Listing 3.9 Accessing JavaFX Property Metadata

            System.out.println("circle1 radius property value: "
                  + circle1.radiusProperty().getValue());
            System.out.println("circle1 radius property name: "
                  + circle1.radiusProperty().getName());
            System.out.println("circle1 radius property bean: "
                  + circle1.radiusProperty().getBean());
            System.out.println("circle1 radius property value: "
                  + circle1.radiusProperty().get());
            Output:
            circle1 radius property value: 20.5
            circle1 radius property name: radius
            circle1 radius property bean: Circle@243e0b62
            circle1 radius property value: 20.5

Using Listeners with Observable Properties

All JavaFX properties are Observable. This means that when a property’s value becomes invalid or changes, the property notifies its registered InvalidationListeners or ChangeListeners. (There are differences between invalidation and change, which we’ll discuss shortly.) You register listeners directly with a JavaFX property. Let’s show you how this works by registering an InvalidationListener with a Circle’s radius property. Since our example does not build a scene graph, we’ll create a plain Java application (called MyInvalidationListener) using these steps.

  1. From the top-level menu in the NetBeans IDE, select File | New Project. NetBeans displays the Choose Project dialog. Under Categories, select Java and under Projects, select Java Application, as shown in Figure 3.14. Click Next.

    Figure 3.14

    Figure 3.14 Create a Java Application when you don’t need a JavaFX scene graph

  2. NetBeans displays the Name and Location dialog. Provide MyInvalidationListener for the Project Name, and click Browse to select the desired location, as shown in Figure 3.15. Click Finish.

    Figure 3.15

    Figure 3.15 Specify the project’s name and location

Using InvalidationListeners

Listing 3.10 creates two Circle objects and registers an InvalidationListener with the radius property of circle2. Inside the event handler, the invalidated() method sets the radius property of circle1 with circle2’s new value. Essentially, we are saying “make sure the radius property of circle1 is always the same as the radius property of circle2.”

A registered InvalidationListener is notified when the current value is no longer valid.4 Invalidation events supply the observable value, which is the JavaFX property including the metadata. If you don’t need to access the previous value, listening for invalidation events instead of change events (discussed next) can be more efficient.

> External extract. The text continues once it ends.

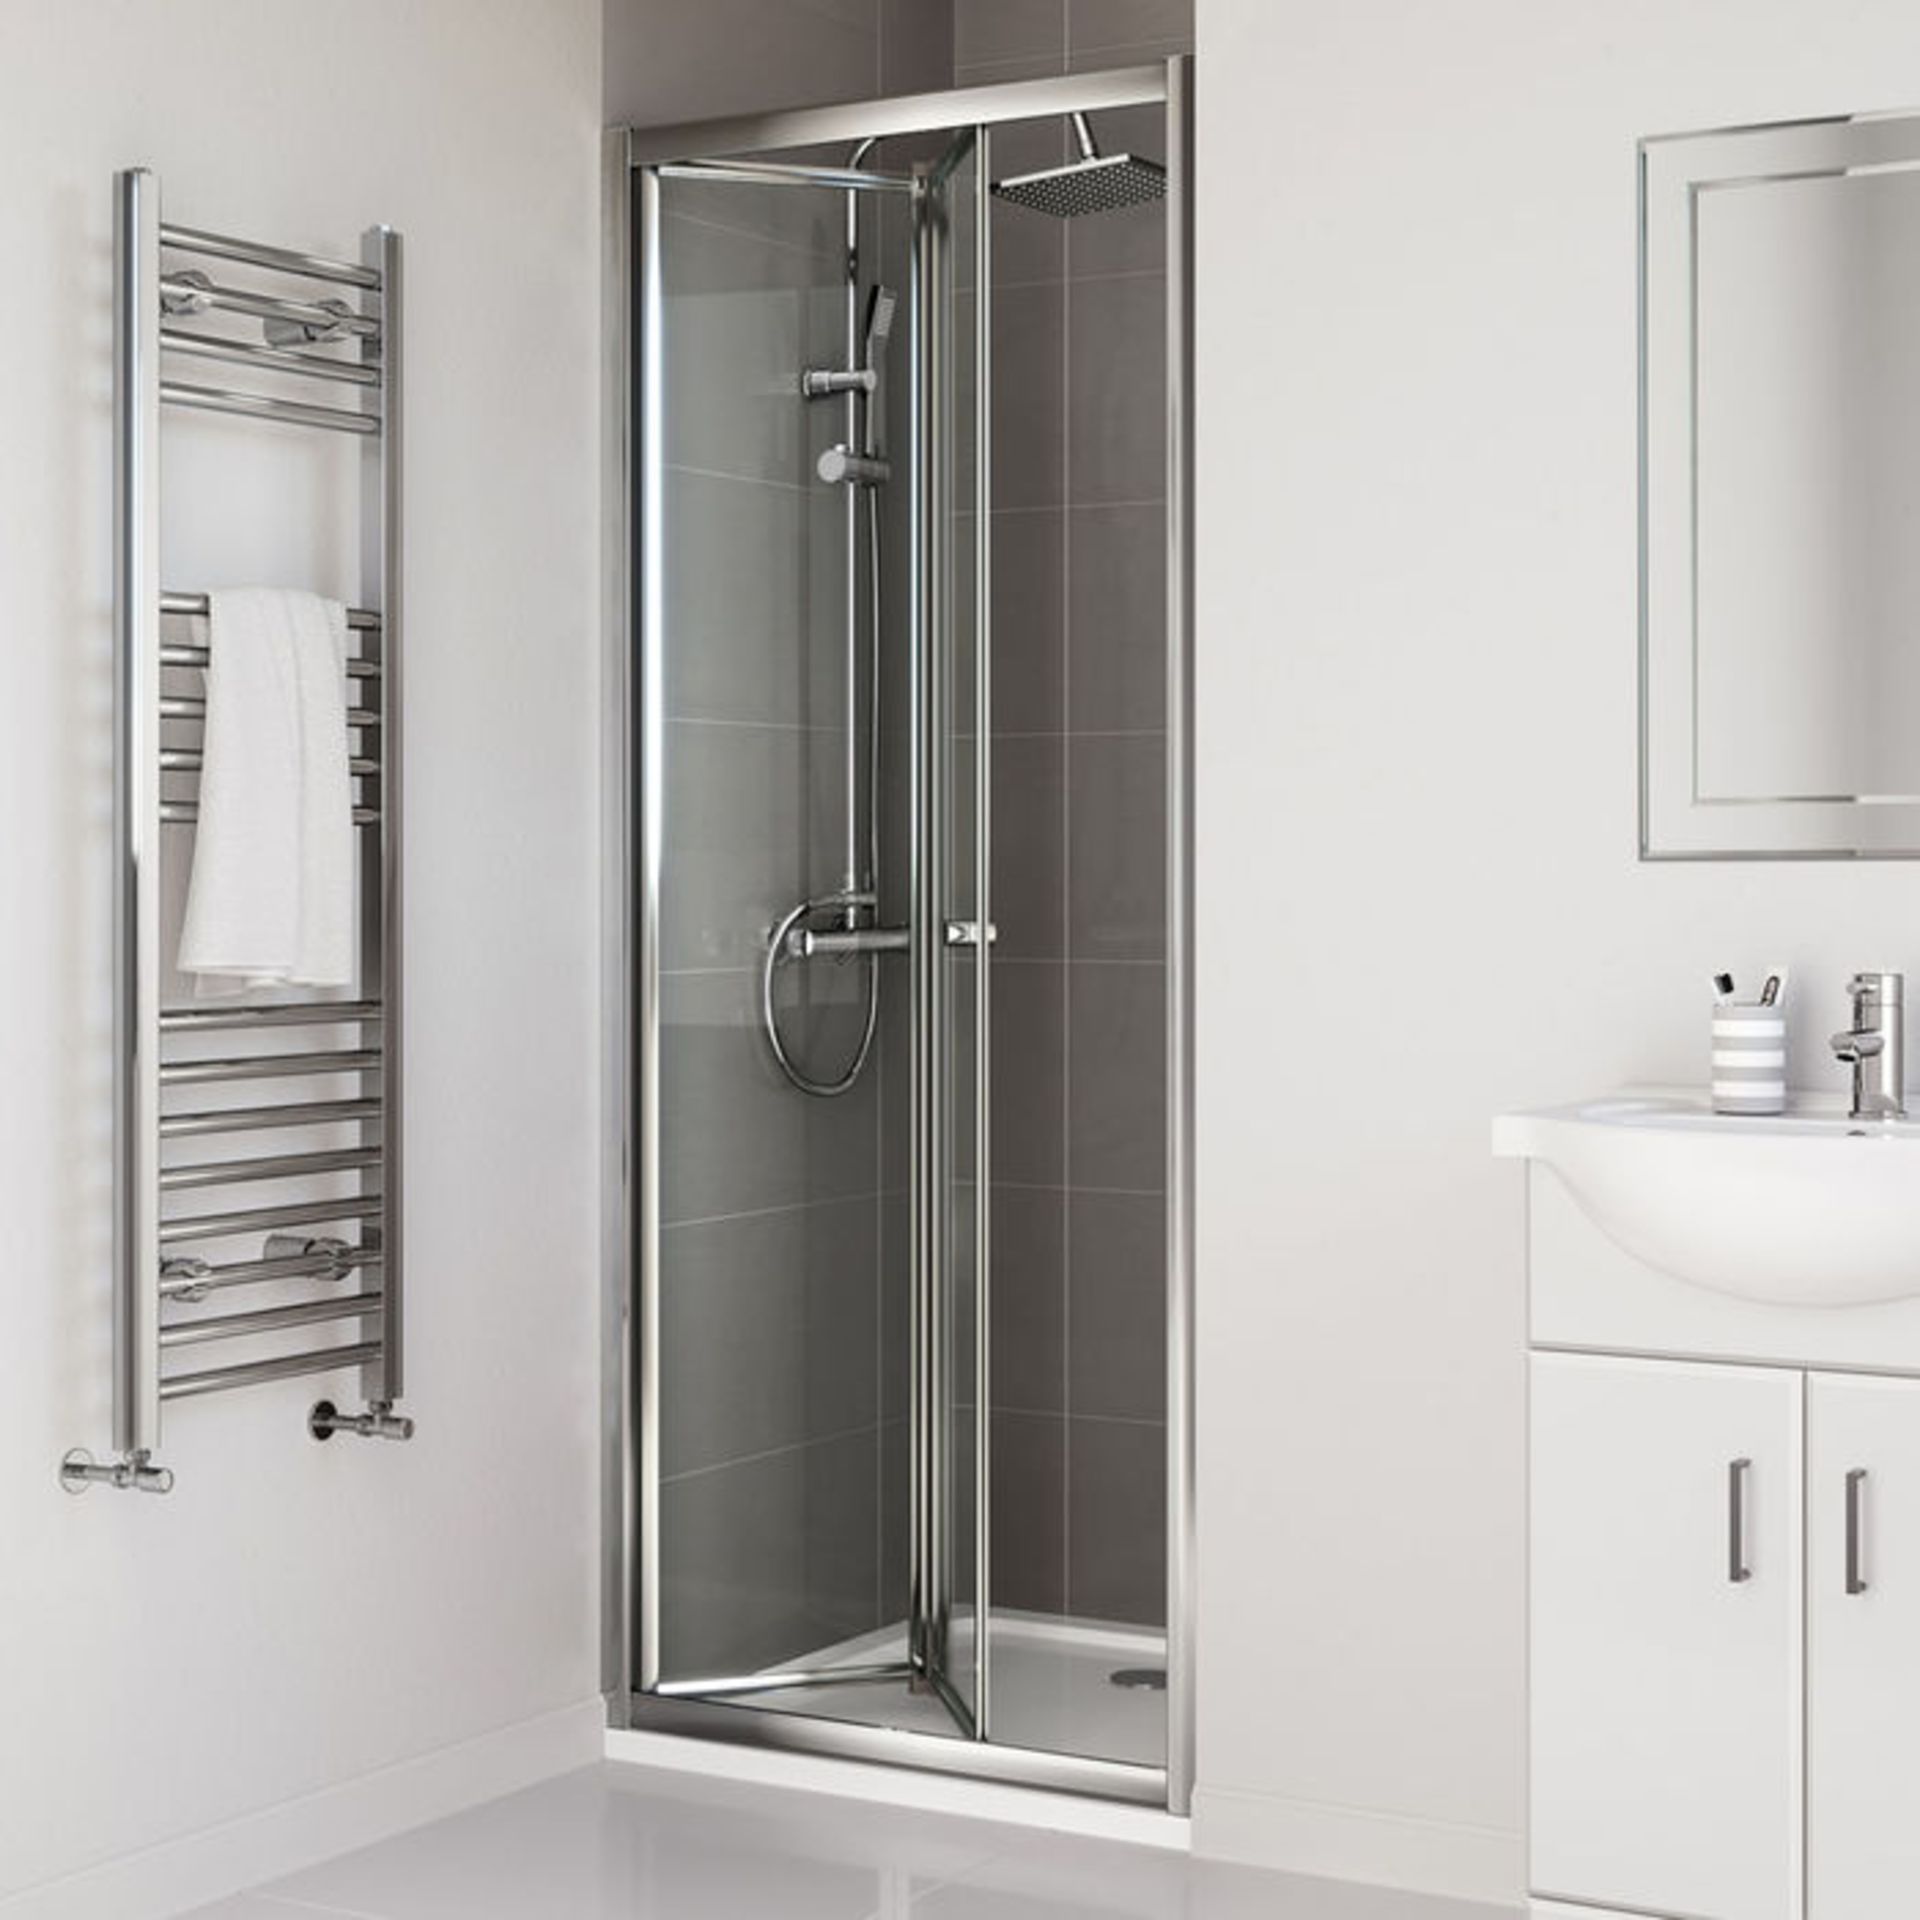 New (P37) 800mm - Elements Bi Fold Shower Door. Rrp £299.99. 4mm Safety Glass Fully Waterproof... - Image 2 of 3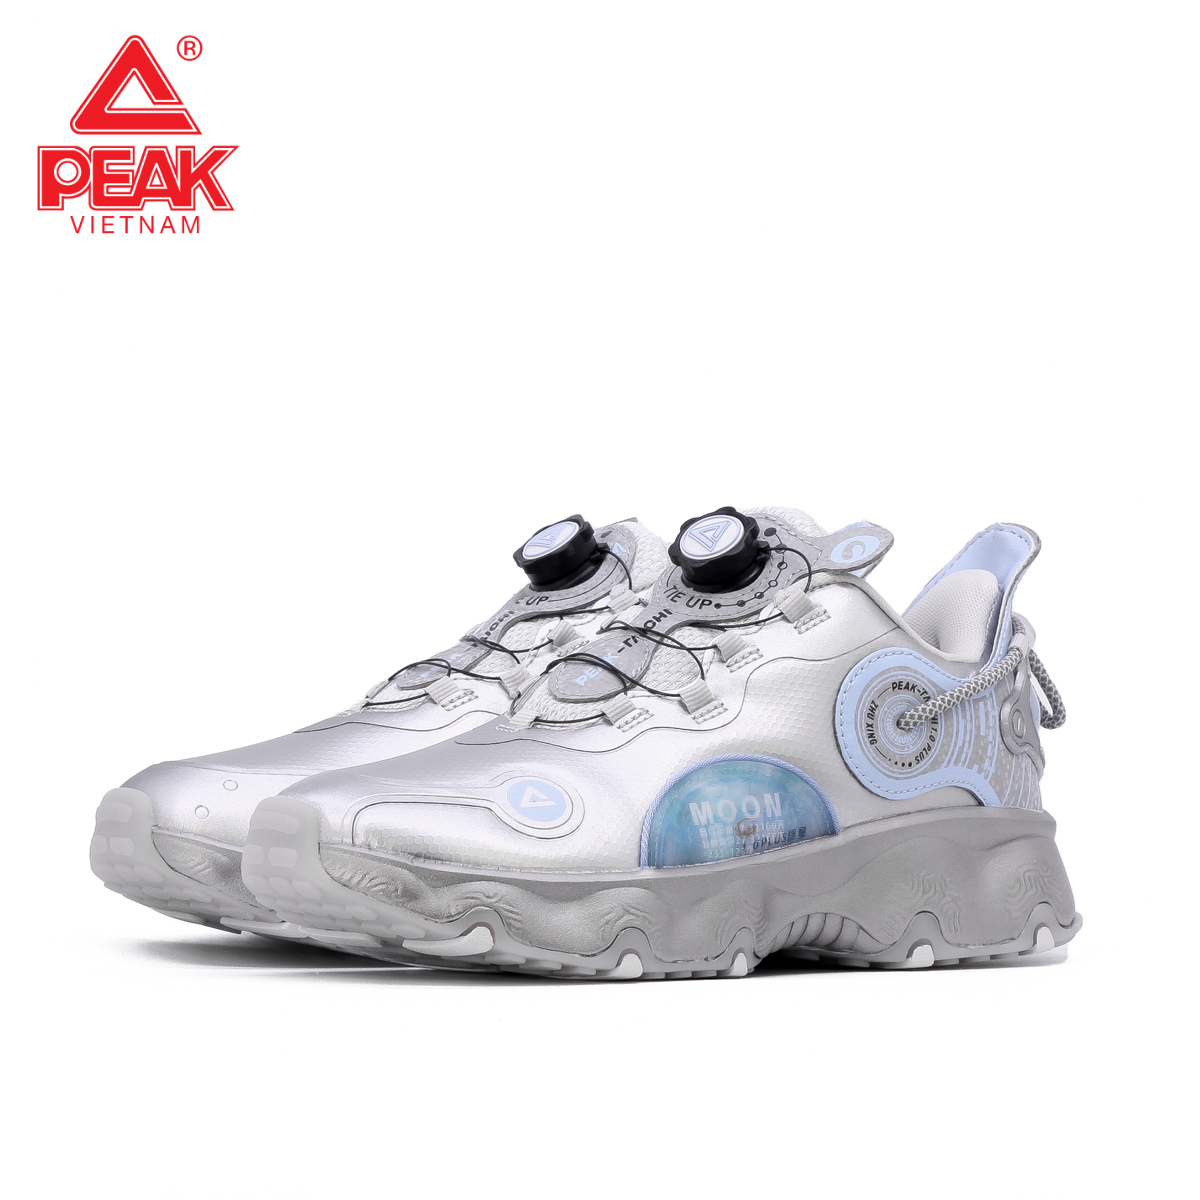 New Rare Reebok The Delivery White Basketball Shoes (2010) Mens 11, 11.5,  13 OSS | eBay

Listing 3.10 Registering a JavaFX InvalidationListener

package myinvalidationlistener;

import javafx.beans.InvalidationListener;
import javafx.beans.Observable;
import javafx.scene.shape.Circle;

public class MyInvalidationListener {

    public static void main(String[] args) {

        // Define some circles
        final Circle circle1 = new Circle(10.5);
        final Circle circle2 = new Circle(15.5);

        // Add an invalidation listener to circle2's radius property
        circle2.radiusProperty().addListener(new InvalidationListener() {
            @Override
            public void invalidated(Observable o) {
                System.out.println("Invalidation detected for " + o);
                circle1.setRadius(circle2.getRadius());
            }
        });

        System.out.println("Circle1: " + circle1.getRadius());
        System.out.println("Circle2: " + circle2.getRadius());
        circle2.setRadius(20.5);
        System.out.println("Circle1: " + circle1.getRadius());
        System.out.println("Circle2: " + circle2.getRadius());
    }

}
Output:
Circle1: 10.5
Circle2: 15.5
Invalidation detected for DoubleProperty [bean: Circle[centerX=0.0,
centerY=0.0, radius=20.5, fill=0x000000ff], name: radius, value: 20.5]
Circle1: 20.5
Circle2: 20.5

The output shows the original radius values for both Circles (10.5 and 15.5), the invalidation event handler output, and the updated radius property for both Circles. The getRadius() method displays the value of the radius property. You can also use radiusProperty().get() or radiusProperty().getValue(), but the traditionally named getRadius() is more familiar and more efficient.

Note that with InvalidationListeners, you must cast the non-generic Observable o to ObservableValue<Number> to access the new value in the event handler.

      System.out.println("new value = " +
               ((ObservableValue<Number>) o).getValue().doubleValue());

Using ChangeListeners

Listing 3.11 shows the same program with a ChangeListener instead of an InvalidationListener attached to circle2’s radius property (project MyChangeListener). ChangeListener is generic and you override the changed() method.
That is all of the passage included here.